Perloff begins by mentioning the writers that led Yeats to Goethe, even as Yeats read no German, namely, Walter Pater and Edward Dowden, the latter an Irish professor of English literature at Trinity College, Dublin, while also president of the English Goethe Society from 1886 to 1908. Dowden translated the
West-East Divan. An instructive comment regarding the subject of re-invention occurs in the introduction to the translation (edited by Dowden's wife on its posthumous publication in 1914): "The
Divan is the product of Goethe's Indian Summer of art-life, the rejuvenescence that came when he was sixty-five." In this connection, Perloff mentions Yeats' Crazy Jane lyrics and "the rhapsodizing of the joys of sexual life in [Yeats' letters]" in 1930, when he was sixty-five.
When Perloff wrote her article, Yeats' library had not yet been catalogued (has it since then?), so that it was difficult to know which works of Goethe Yeats had read. Despite his deficiency in the German language, however, it appears that he "obviously" knew
Werther,
Faust, and "the major lyrics," and may well have known
Egmont,
Tasso, and
Iphigenia. The most influential works, however, were
Wilhelm Meister, the
John Oxenford translation of the conversations with Eckermann, and the Oxenford translation of Goethe's autobiography, which appeared in 1848 (not 1948).
I am not a Yeats' scholar, so I will not go into the particulars of what Yeats absorbed from reading Goethe, especially on the nature of "the Doctrine of the Mask" or the concept of "self-unity." (For those interested, the article is available on
JSTOR.) Apparently, Yeats took from Wilhelm Meister less the plot or the characters than its themes, which he seemed to have used as a "book of wisdom." In this connection and in light of what I learned about Yeats' enthusiasm for Eckermann's conversations, I cannot help thinking of my recent posts on
Eckermann pastiches as well as on the
appropriation of Goethe's words for all manner of commerce, prophecy, and self-help.

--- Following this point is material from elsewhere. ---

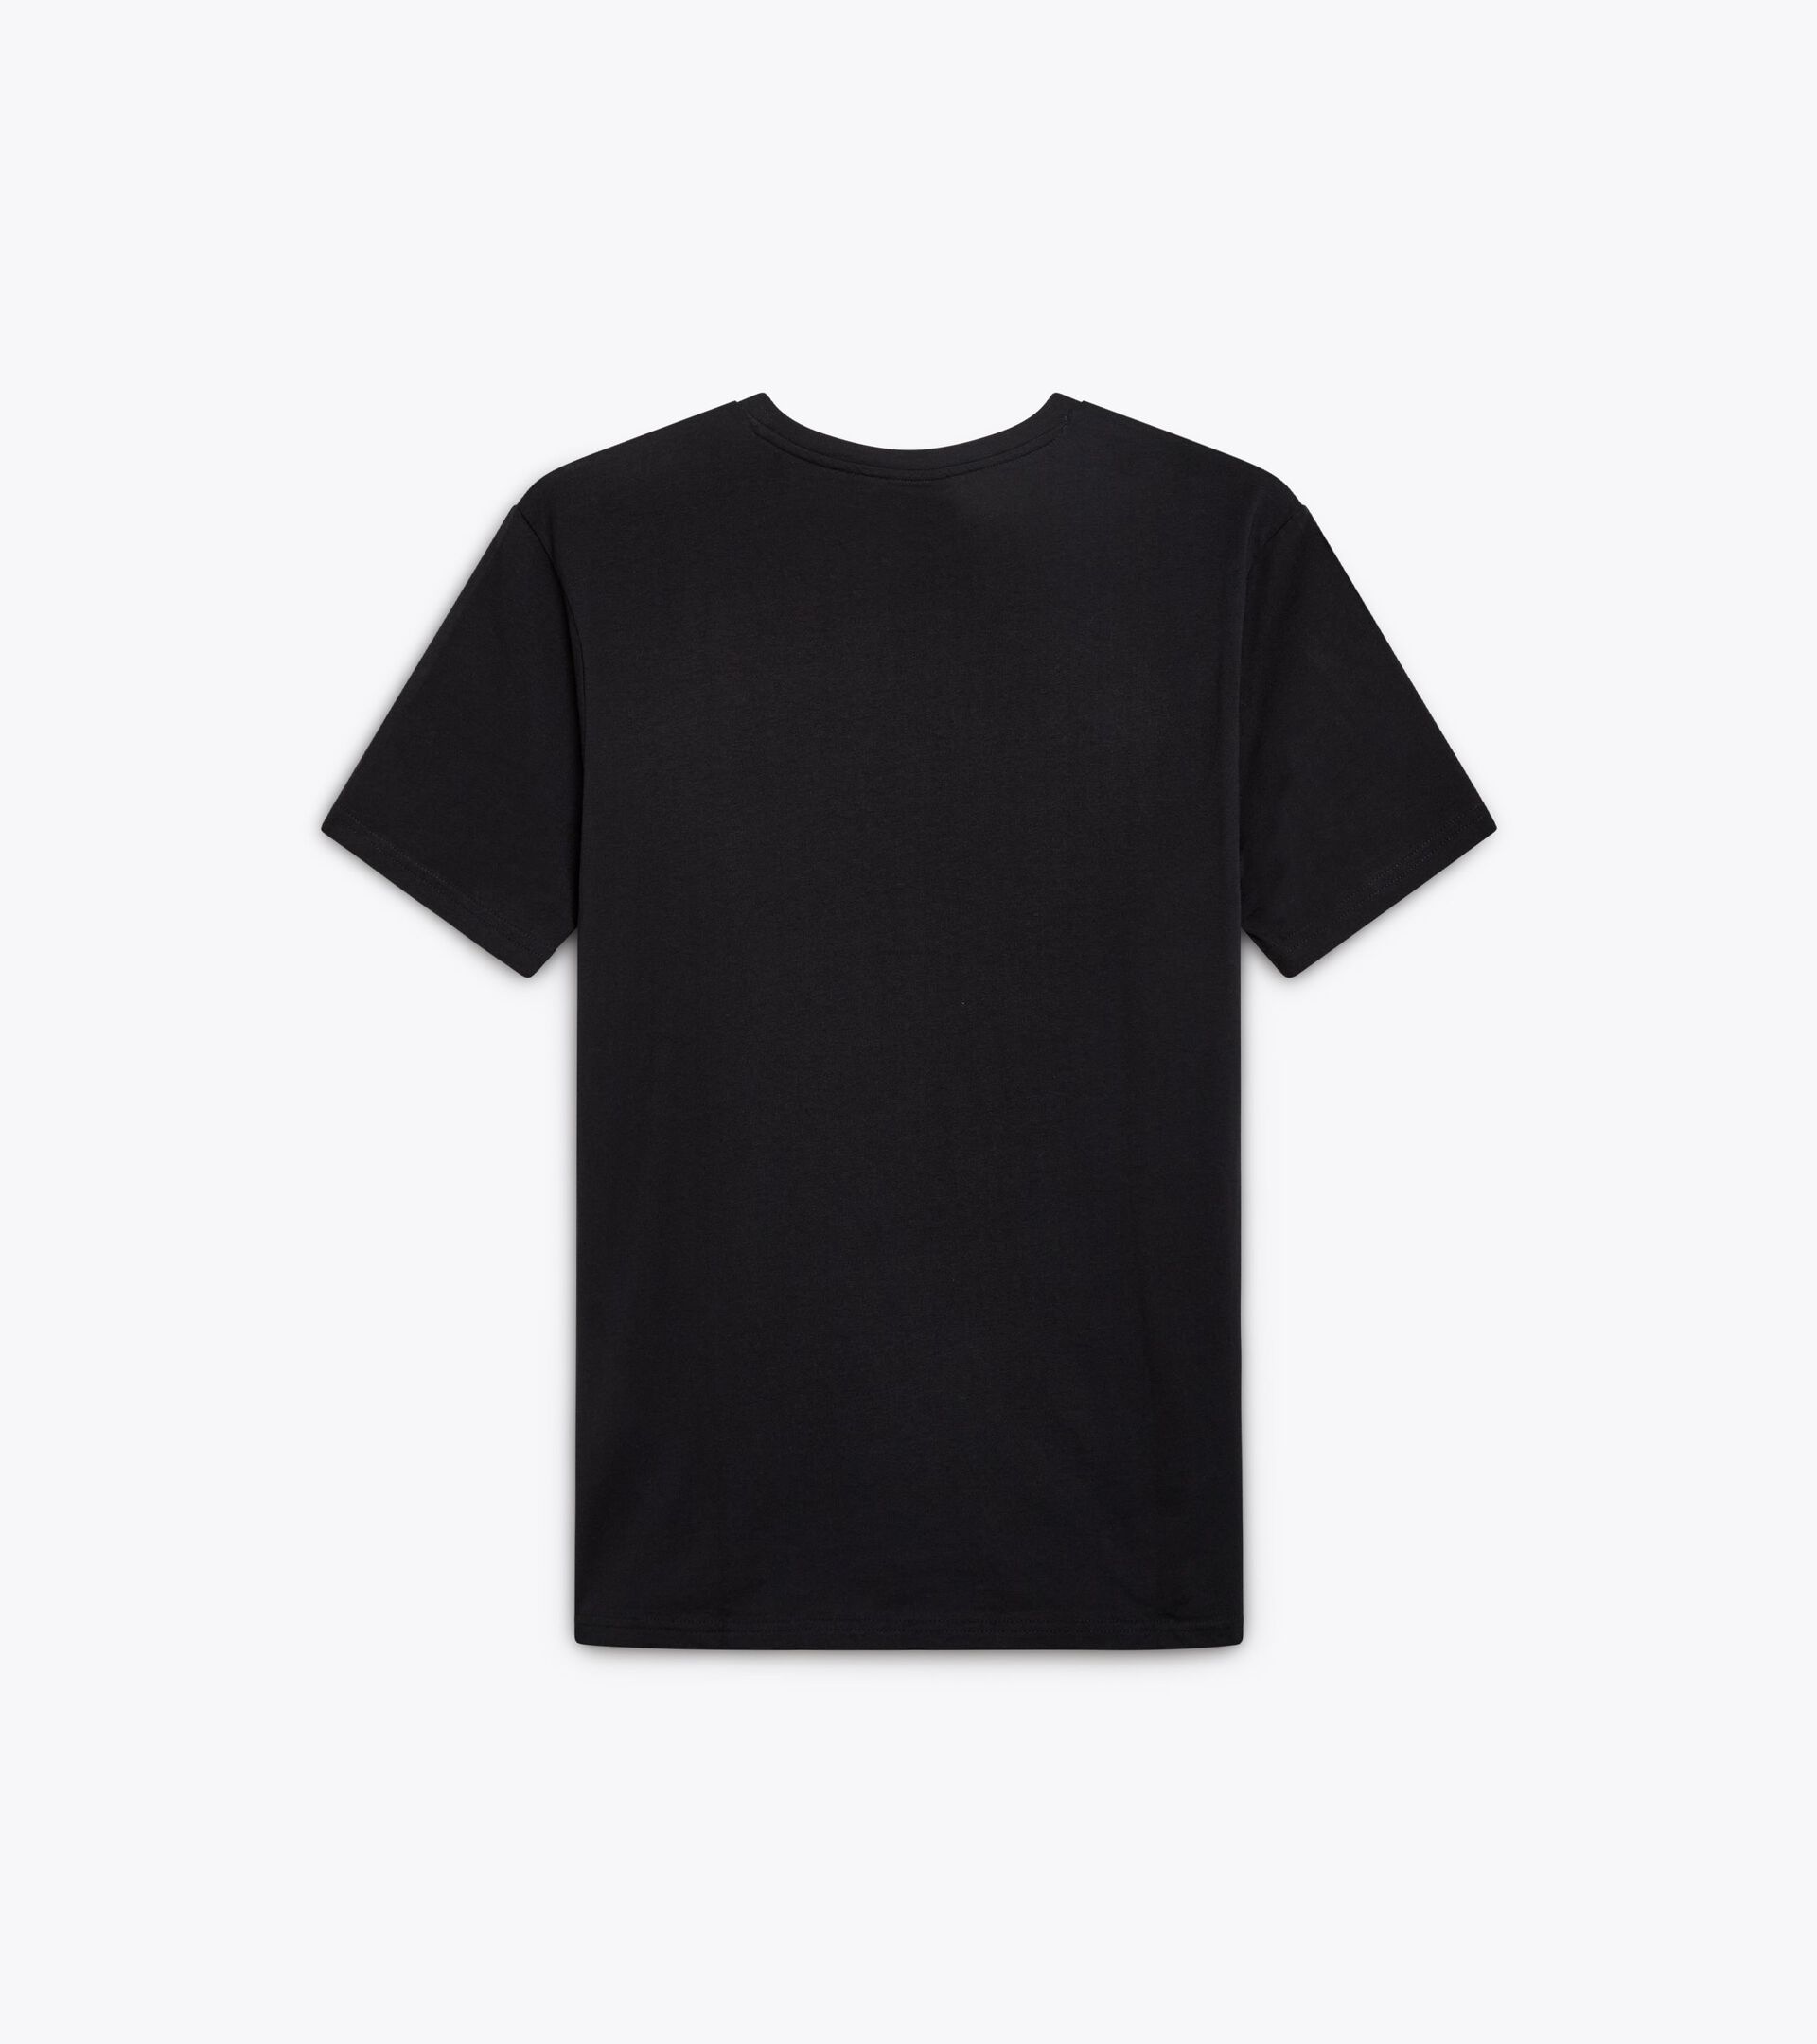 Sports T-shirt - Men’s T-SHIRT SS CORE BLACK - Diadora
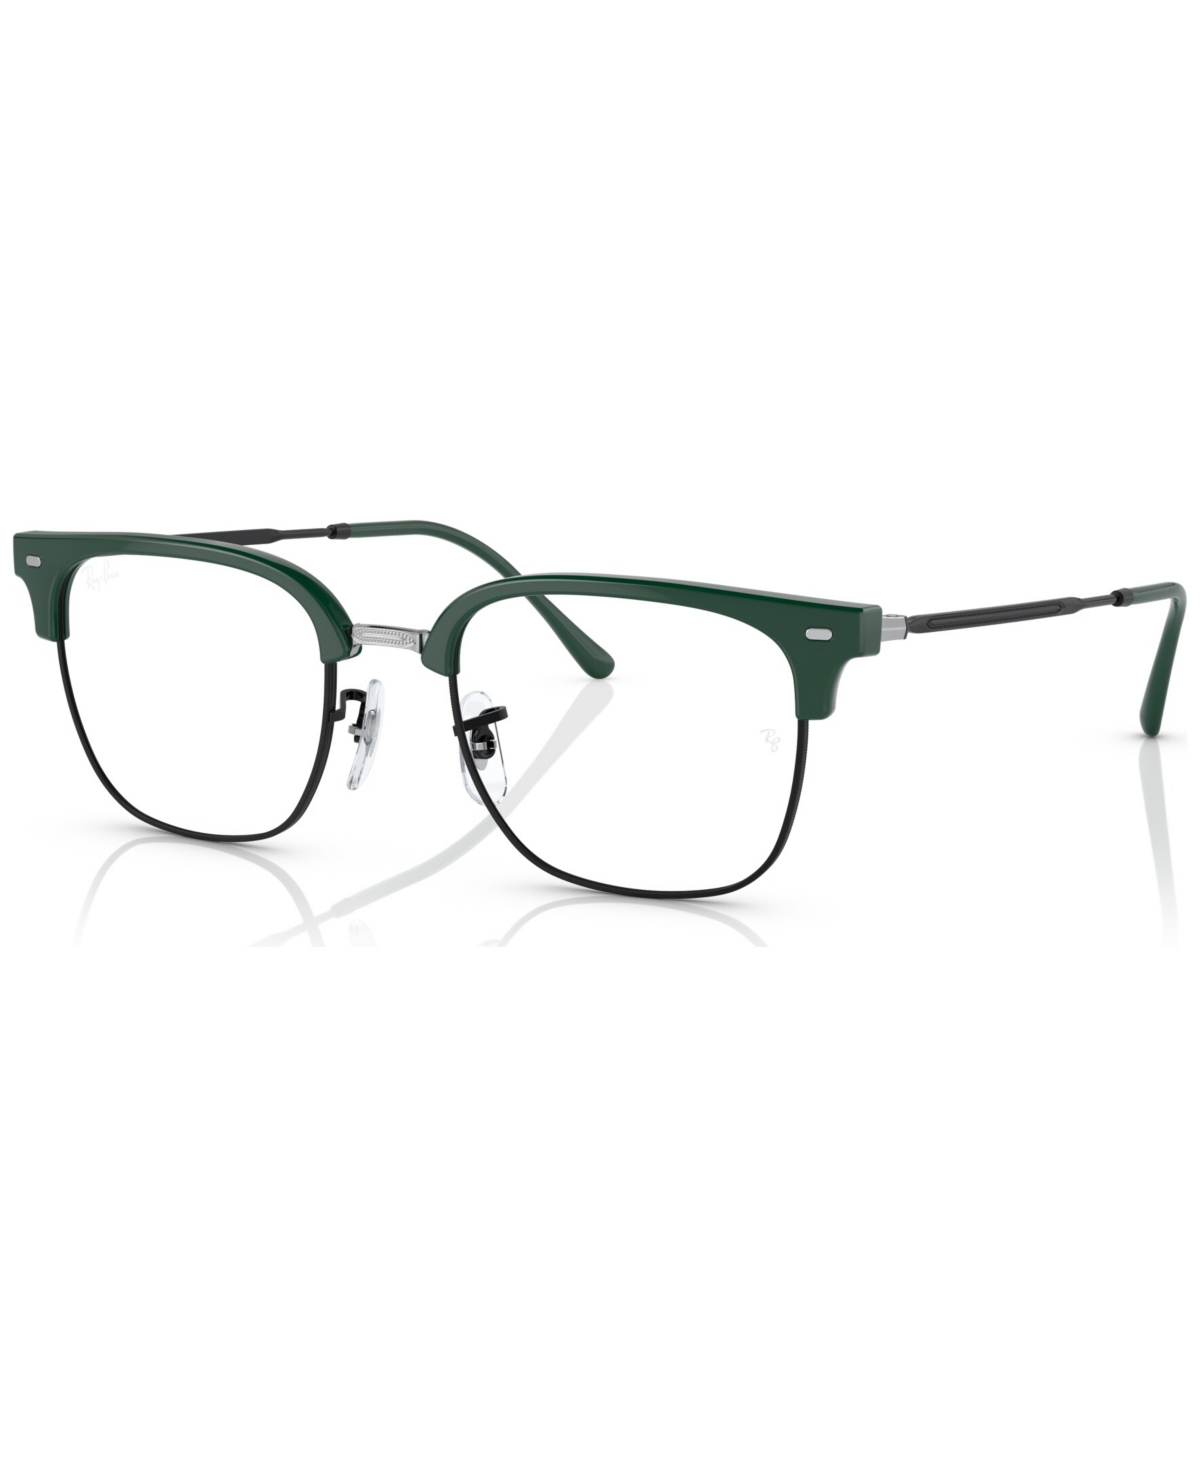 Unisex Square Eyeglasses, RX721649-o - Green on Black

So, in this connection, Perloff quotes William Butler Yeats paraphrasing Goethe in "Anima Hominis" (1917):
"I think that all religious men have believed that there is a hand not ours in the events of life, and that, as somebody says in
Wilhelm Meister, accident is destiny."
As I did in the earlier posts mentioned above, let us see what Google Translate makes of this:
"Ich denke, dass alle religiösen Männer geglaubt haben, dass es in den Ereignissen des Lebens eine Hand gibt, die nicht unsere ist, und dass, wie jemand in Wilhelm Meister sagt, Zufall Schicksal ist."
To my ears, this sounds too prosaic for Goethe, granted that his thinking ran along these lines.